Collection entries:

—————

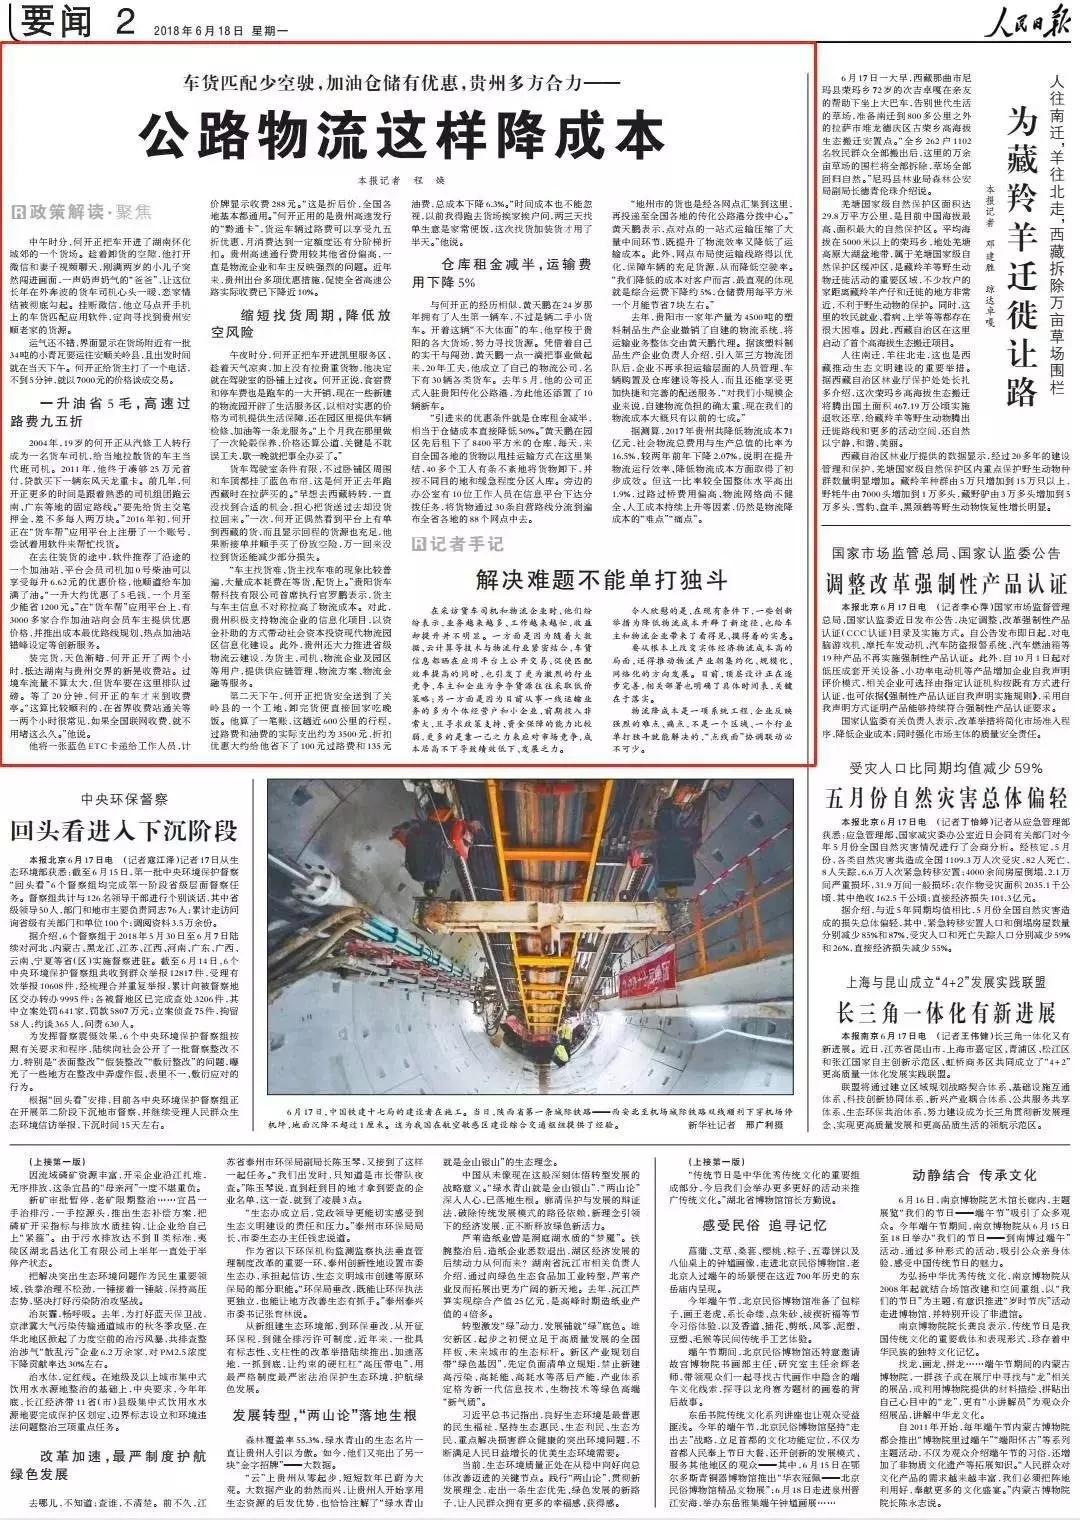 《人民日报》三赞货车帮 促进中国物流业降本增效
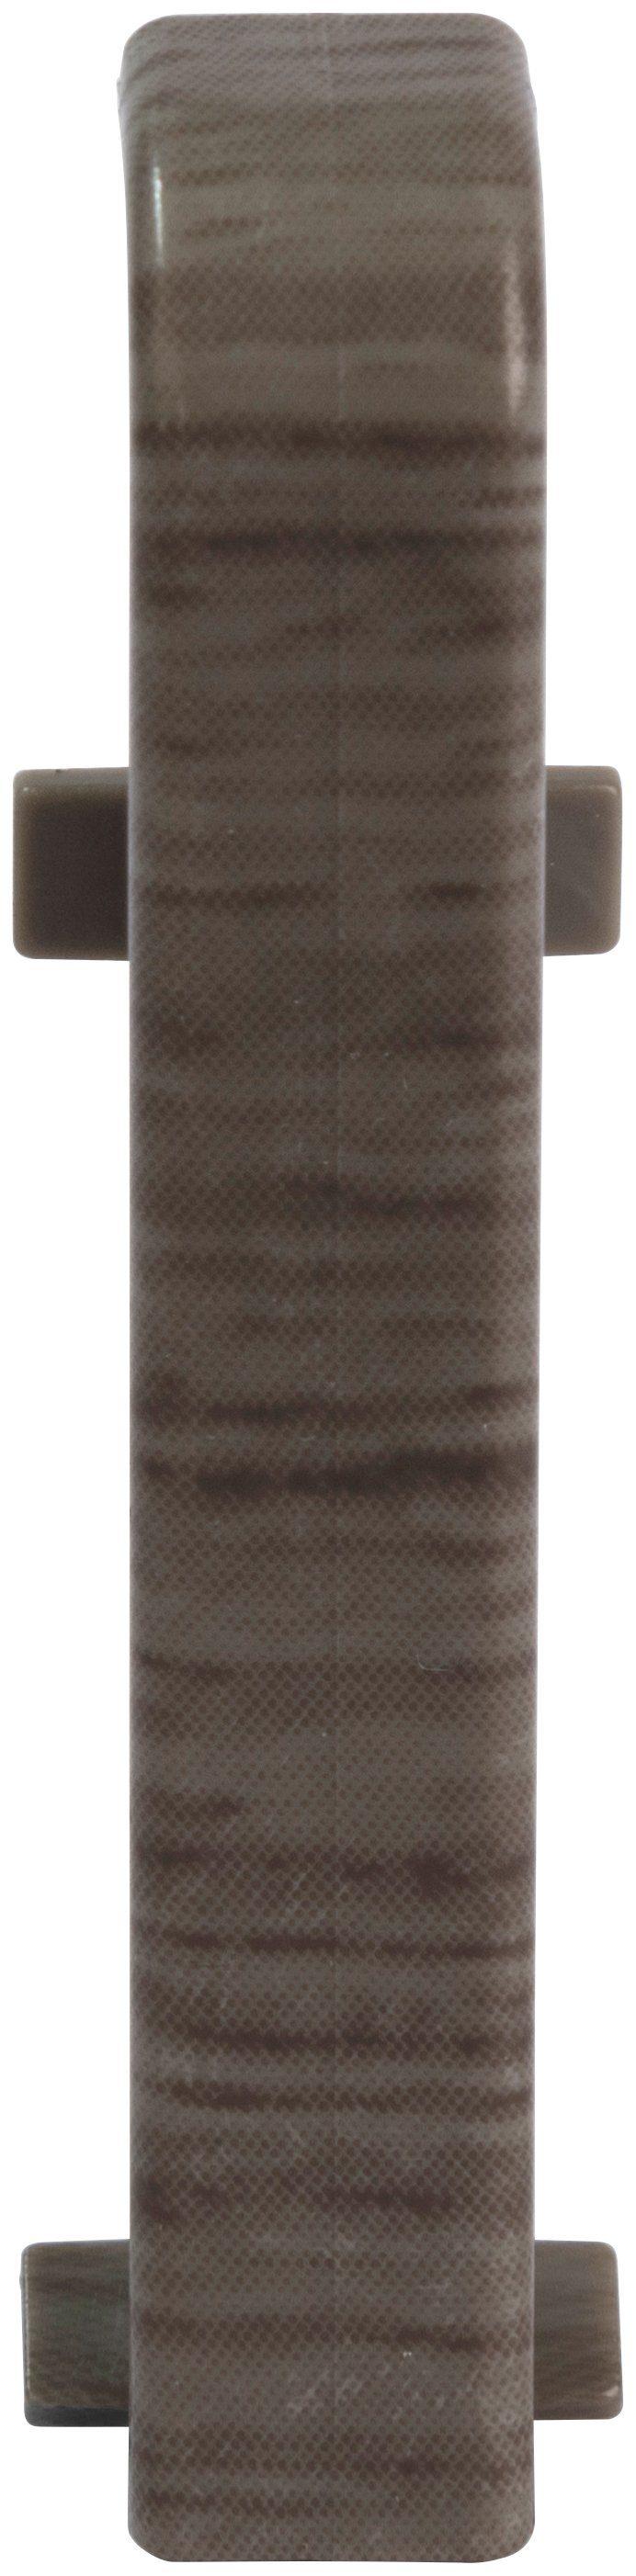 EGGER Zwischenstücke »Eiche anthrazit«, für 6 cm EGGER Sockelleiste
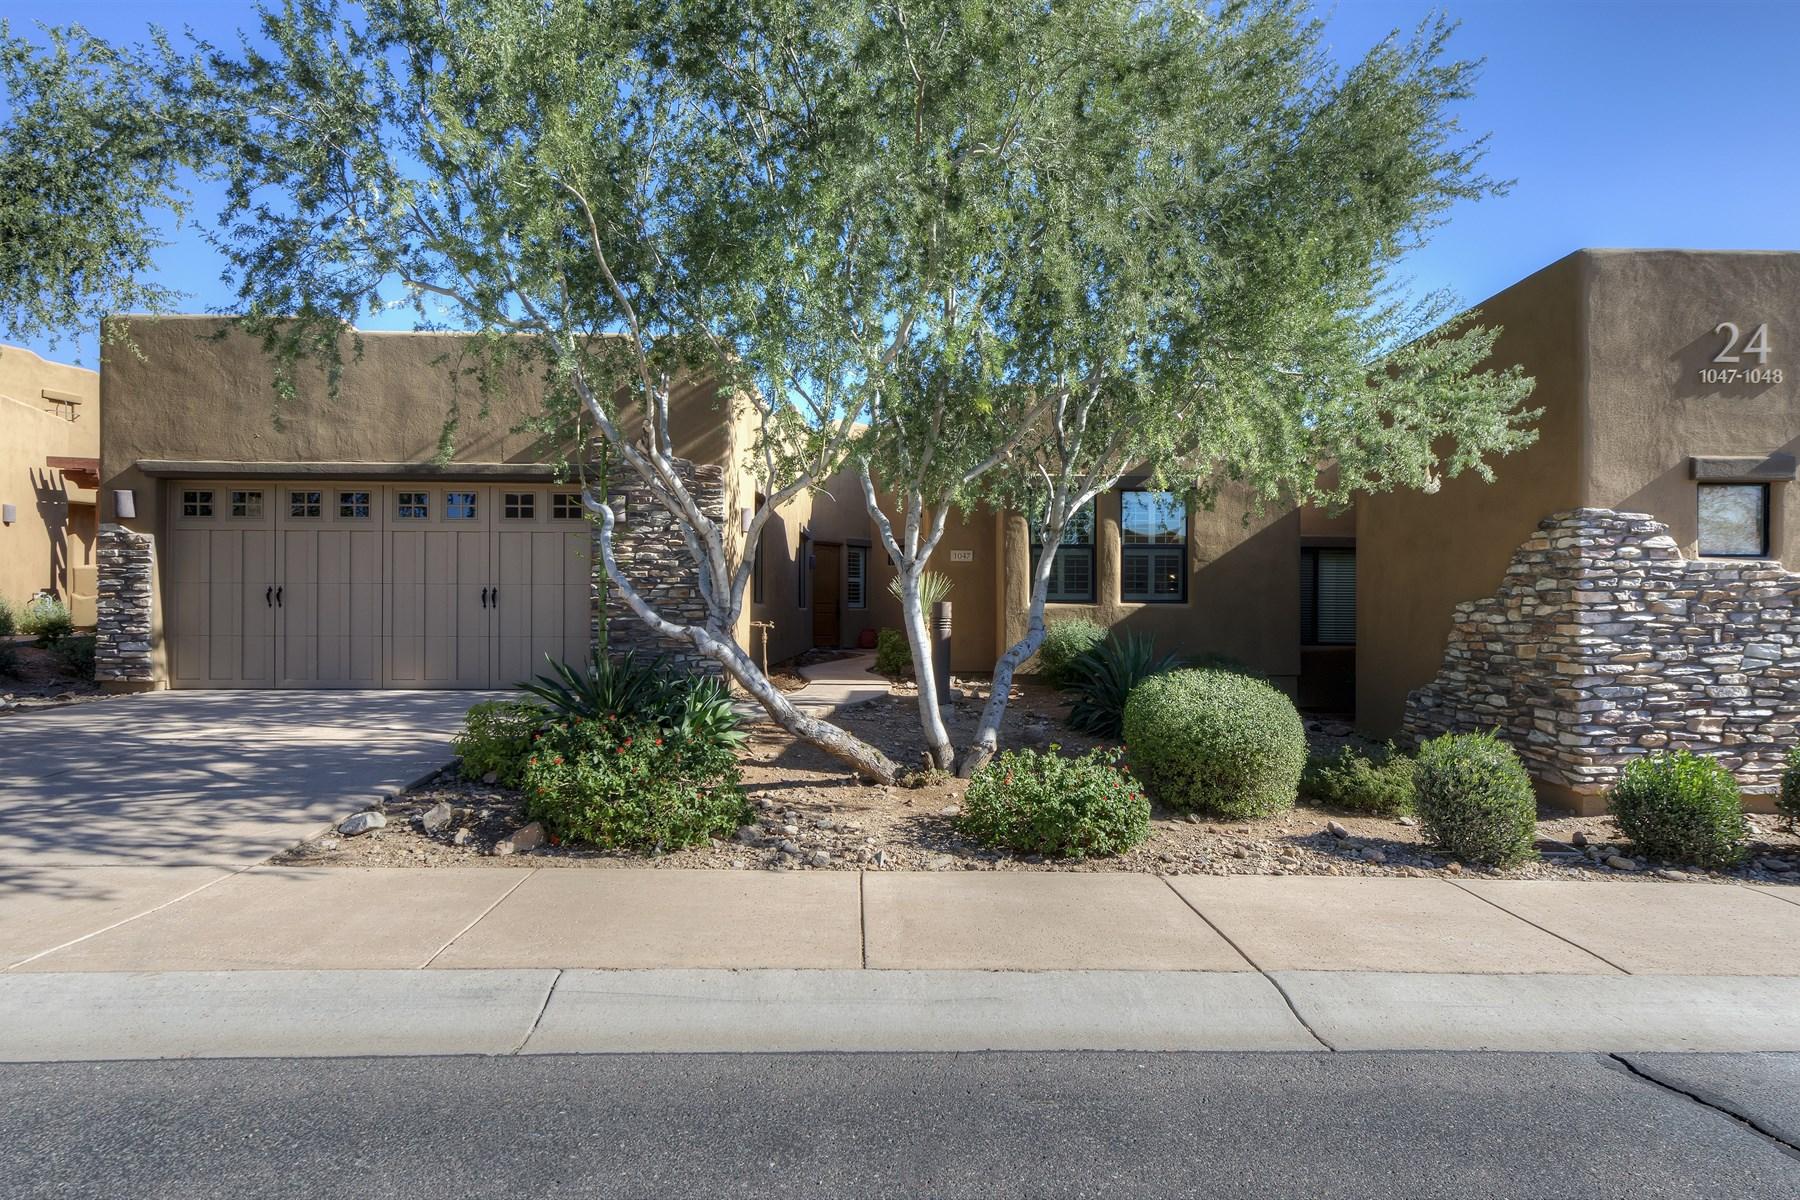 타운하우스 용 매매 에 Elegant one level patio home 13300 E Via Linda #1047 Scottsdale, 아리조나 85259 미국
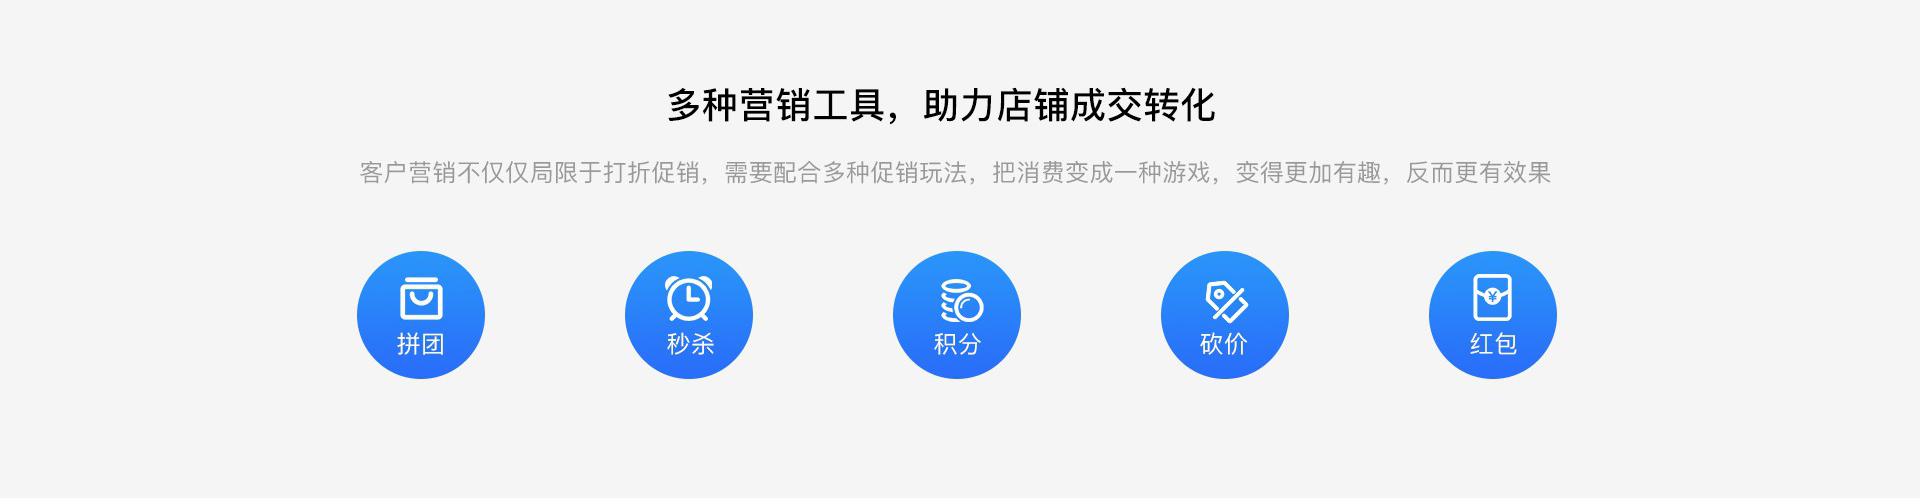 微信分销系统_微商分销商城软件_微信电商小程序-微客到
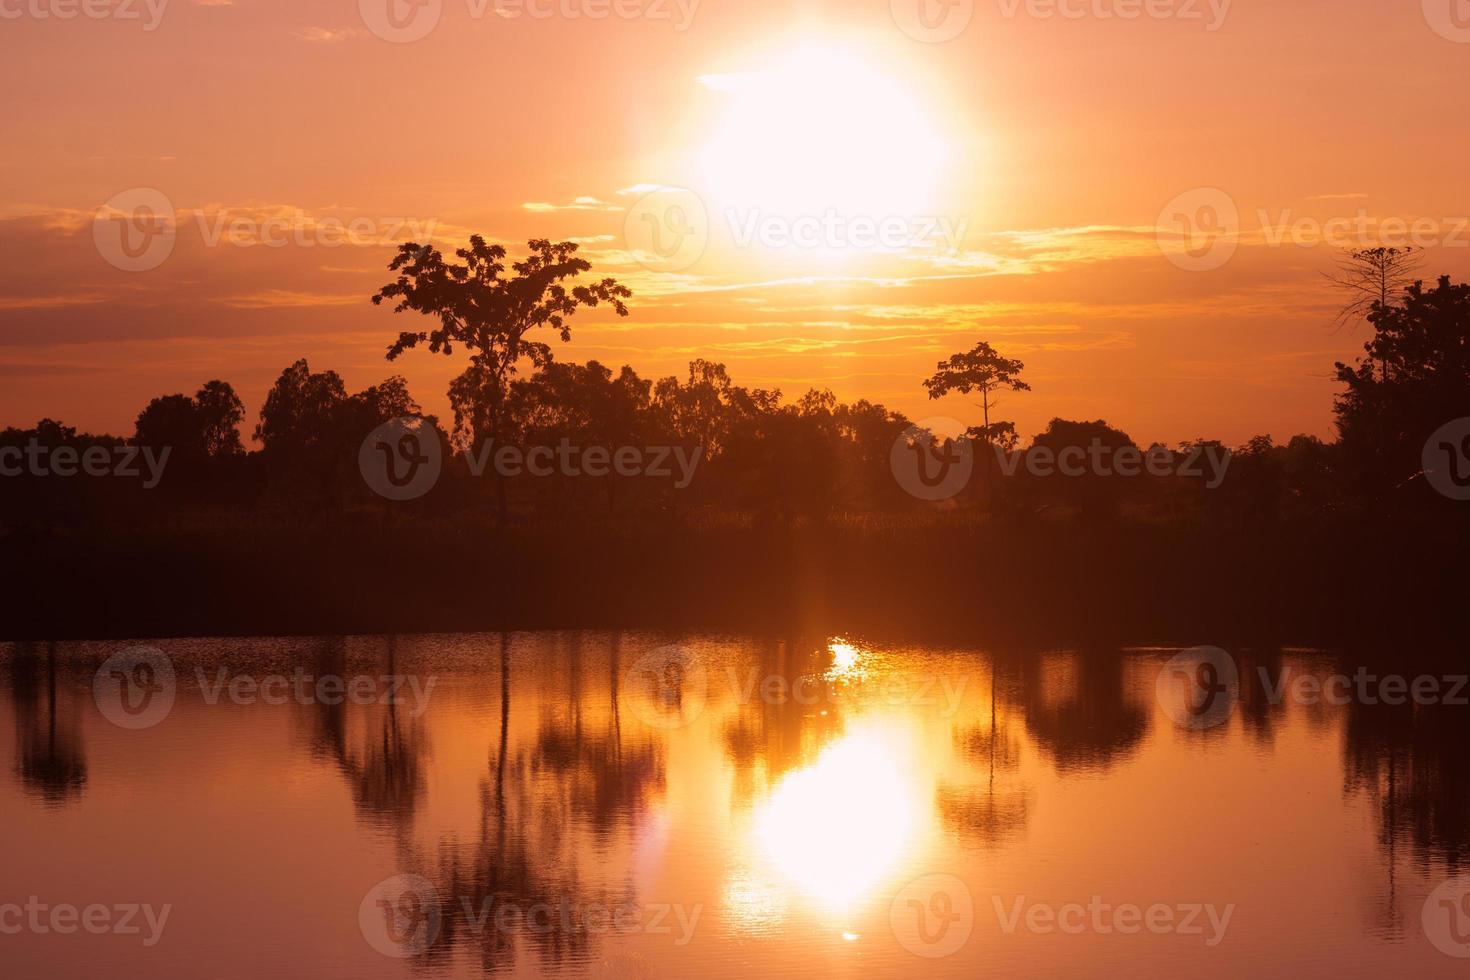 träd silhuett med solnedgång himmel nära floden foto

—————

WHAT YOU WILL DO: Your reply should restate every entry exactly, with the pictures left out.

WRITTEN SOLUTION:
 《人民日报》三赞货车帮 促进中国物流业降本增效
 EGGER Zwischenstücke »Eiche anthrazit«, für 6 cm EGGER Sockelleiste
 타운하우스 용 매매 에 Elegant one level patio home 13300 E Via Linda #1047 Scottsdale, 아리조나 85259 미국
 微信分销系统_微商分销商城软件_微信电商小程序-微客到
 träd silhuett med solnedgång himmel nära floden foto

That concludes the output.